Особенной радости Майя по этому поводу не ощущала, но в Кельнской филармонии она еще не была и не видела поэтому никаких причин отказаться.

Глава 11

– Тебе будет смешно, но Шопен мне гораздо ближе, чем Брамс, – сказал Курт.

– Почему это должно быть мне смешно? – пожала плечами Майя.

Филармония была построена сравнительно недавно и выглядела очень эффектно, особенно открытая терраса над Рейном, по которой зрители прогуливались во время перерыва между двумя отделениями, держа в руках бокалы с шампанским.

– Потому что ты сразу подумаешь про вчерашнее исполнение. И решишь, что я не понимаю разницы между Мартином и Лондонским симфоническим.

– Ну что ты! – улыбнулась Майя. – Я понимаю, что ты понимаешь.

По Рейну плыли кораблики, смотрелись в воду старинные дома вдоль берегов. При взгляде на все это становилось понятно значение слова «покойно».

– Мы сможем прогуляться у Рейна после концерта? – спросила Майя.

Она давно уже привыкла к тому, что немцы высказывают свои желания прямо, без колебаний из разряда «а можно ли так сказать, а правильно ли меня поймут», и ожидают на свои вопросы прямого же ответа.
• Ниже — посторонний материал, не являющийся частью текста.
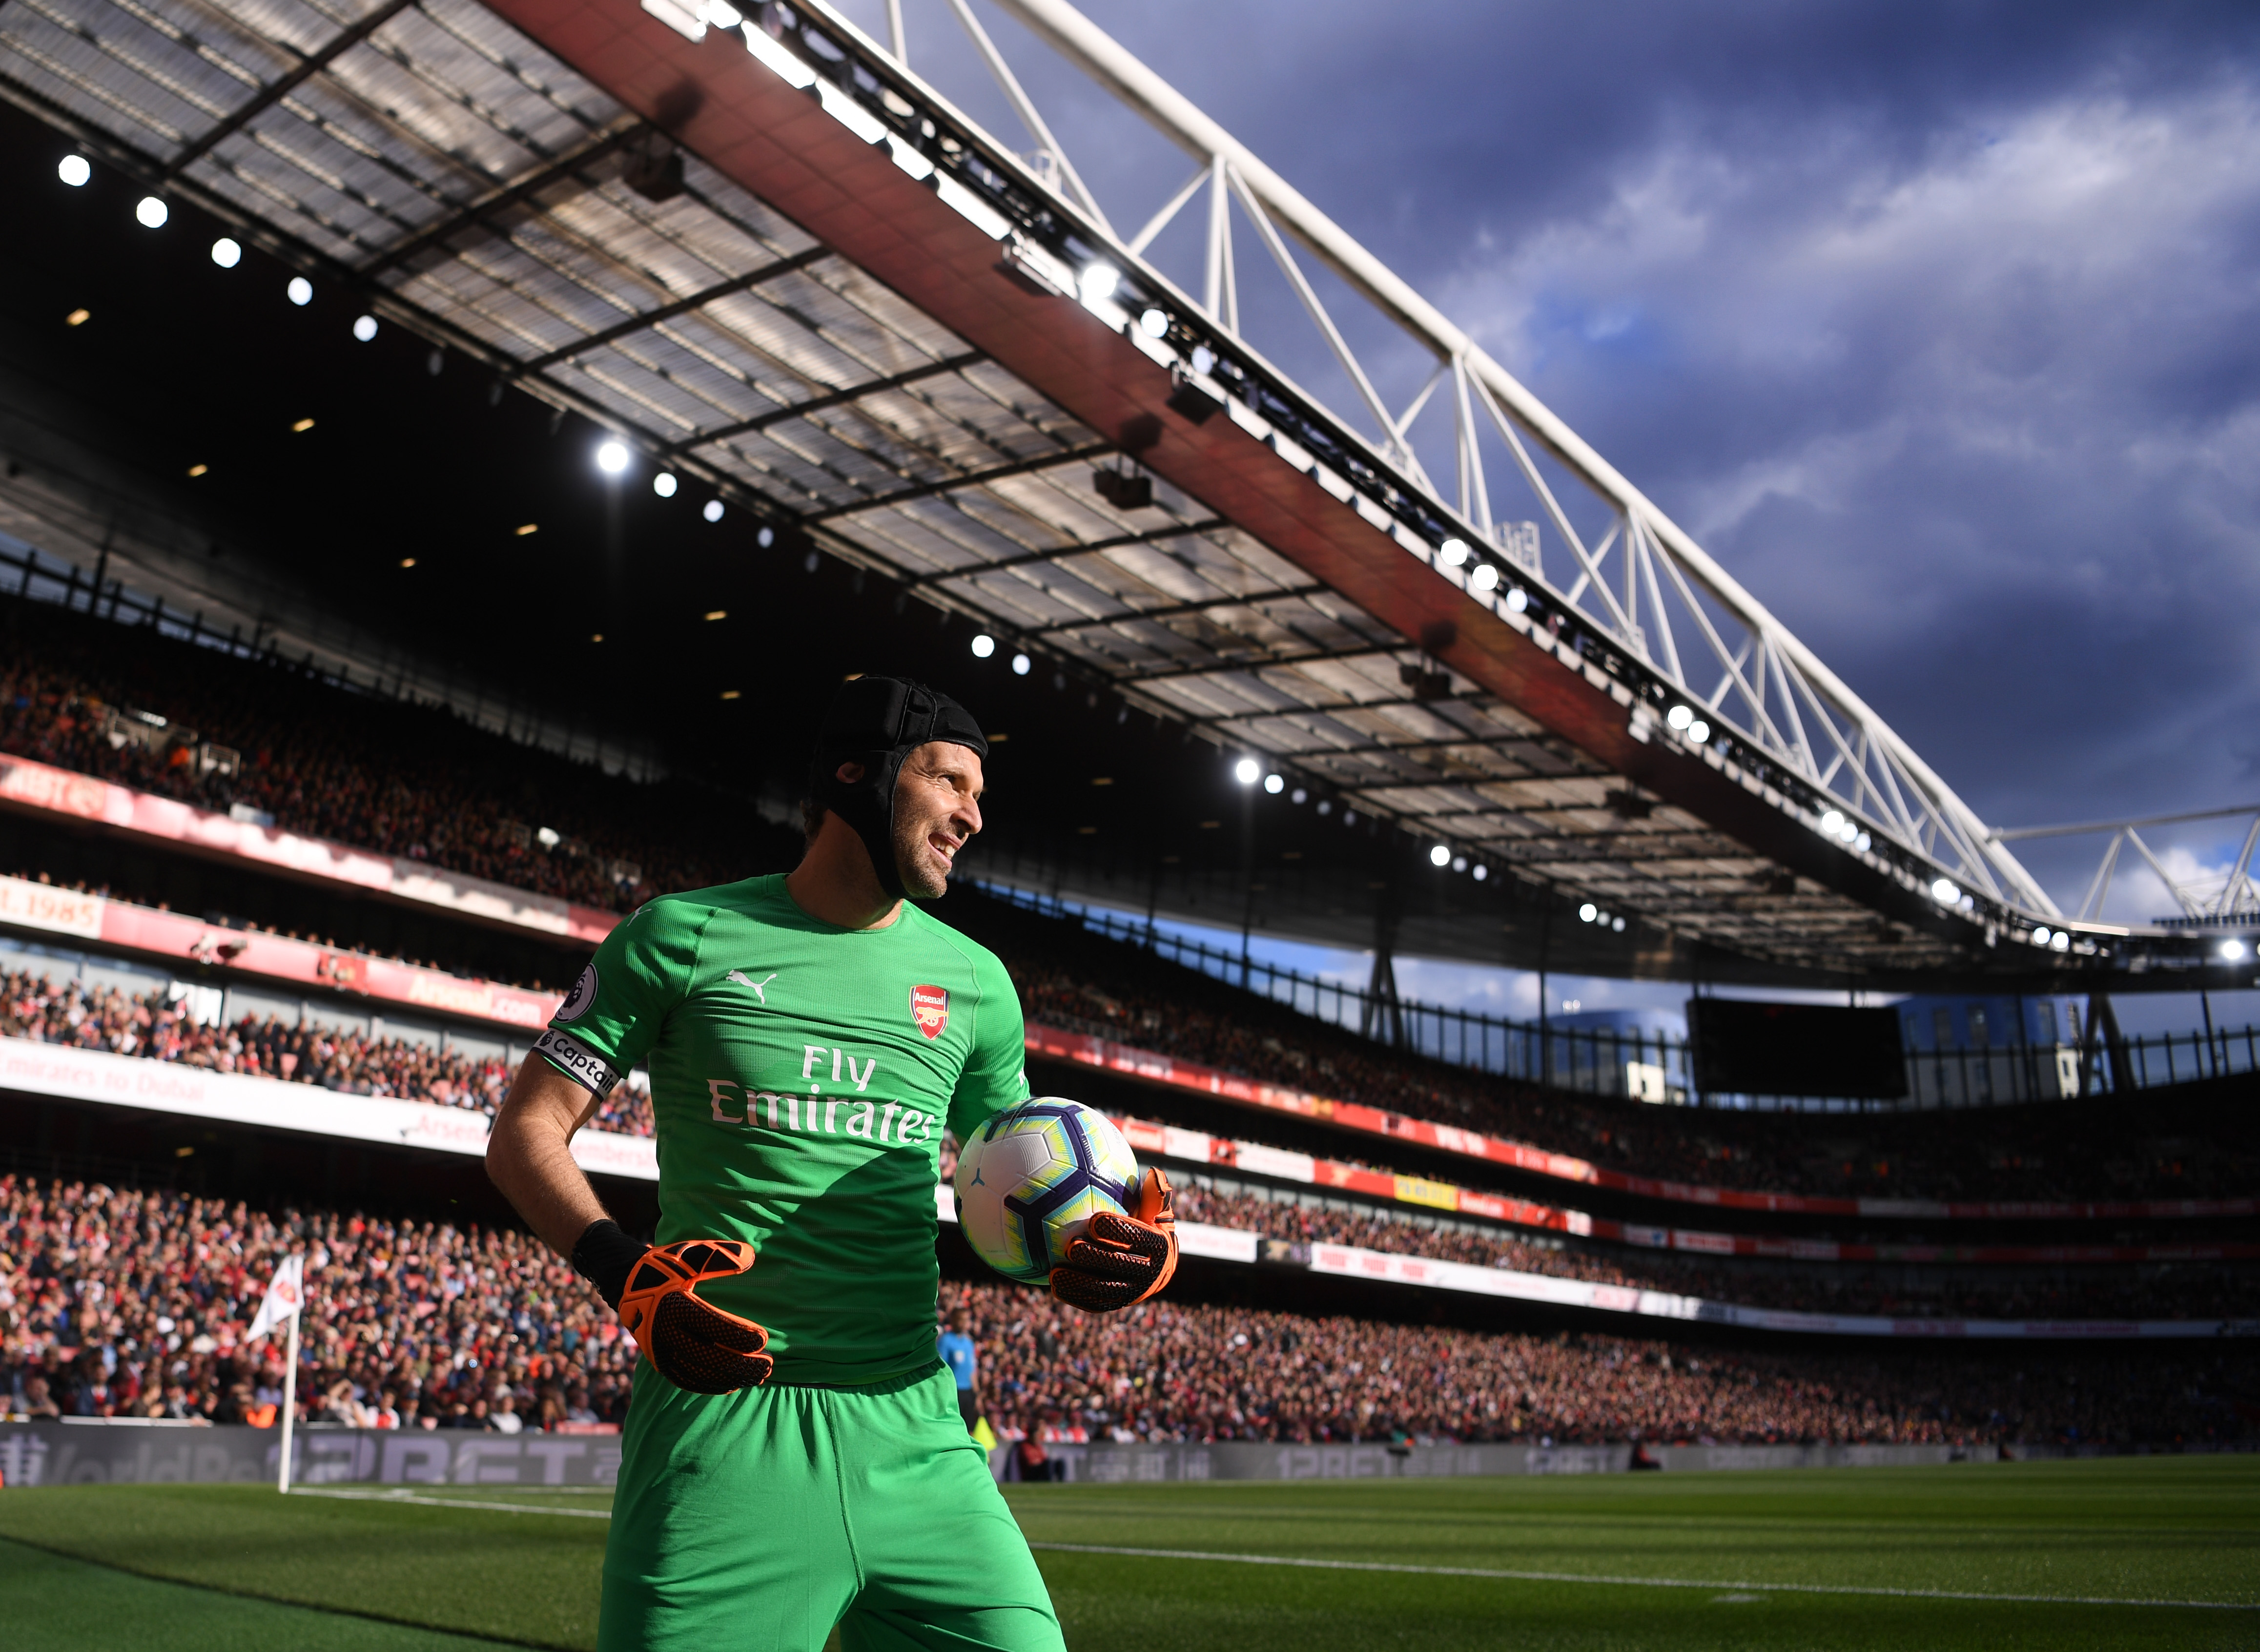 Petr Cech Arsenal Everton Premier League 09/23/18

Это казалось ей правильным, и она охотно переняла такую манеру. Правда, у нее еще не было случая испытать, действует ли это вне Германии. Майя знала загадочную особенность некоторых обыкновений: воплощаясь не в той социальной среде, в которой возникли, они незаметным образом теряют свою естественность и начинают выглядеть странновато.

– Конечно, – сказал Курт. – И еще я предлагаю поужинать.

Ужинать решили на Рейне же, в ресторане Старого города. Вечер был тихий, сели за столик на открытой веранде и заказали белого вина. К берегу был пришвартован большой корабль, он сиял огнями и звенел музыкой.

От большой газовой горелки шел горячий воздух, щеки у Майи зарделись, она расстегнула жакет.

– Ты сейчас похожа на одну картину да Винчи, – сказал Курт. – Ты художница и ее, конечно, знаешь. Та, на которой женщина и куст можжевельника, как нимб у нее над головой.

– Было бы странно, если бы не знала, – кивнула Майя. – Мы ее изучали на первом курсе.

– Как она называется? Я забыл.

– Так и называется, «Дама с можжевельником». Это портрет Джиневры де Бенчи. Только вряд ли я похожа. Разве что на куст можжевеловый. Объект на втором плане.

– Кто была эта Джиневра? – спросил Курт.

– Флорентийская поэтесса.

– Я так и подумал, что она из интеллектуалов.

– Ты так говоришь, будто вчера с ней познакомился! – засмеялась Майя.

– В каком-то смысле так и есть. Неделю назад я вернулся из Вашингтона, а ведь она там. Я люблю искусство и, конечно, посетил Национальную галерею. Смотрел на нее и задавал себе вопрос: о чем думает женщина с такой необычной внешностью и с таким разумом в глазах? Это загадка.

Майе стало не по себе. Музыка, река, недавнее возвращение из Вашингтона… Непонятное совпадение. Даже не совпадение, а сближение. Бывают странные сближения, Пушкин правильно волновался на их счет. Бог весть, что они означают!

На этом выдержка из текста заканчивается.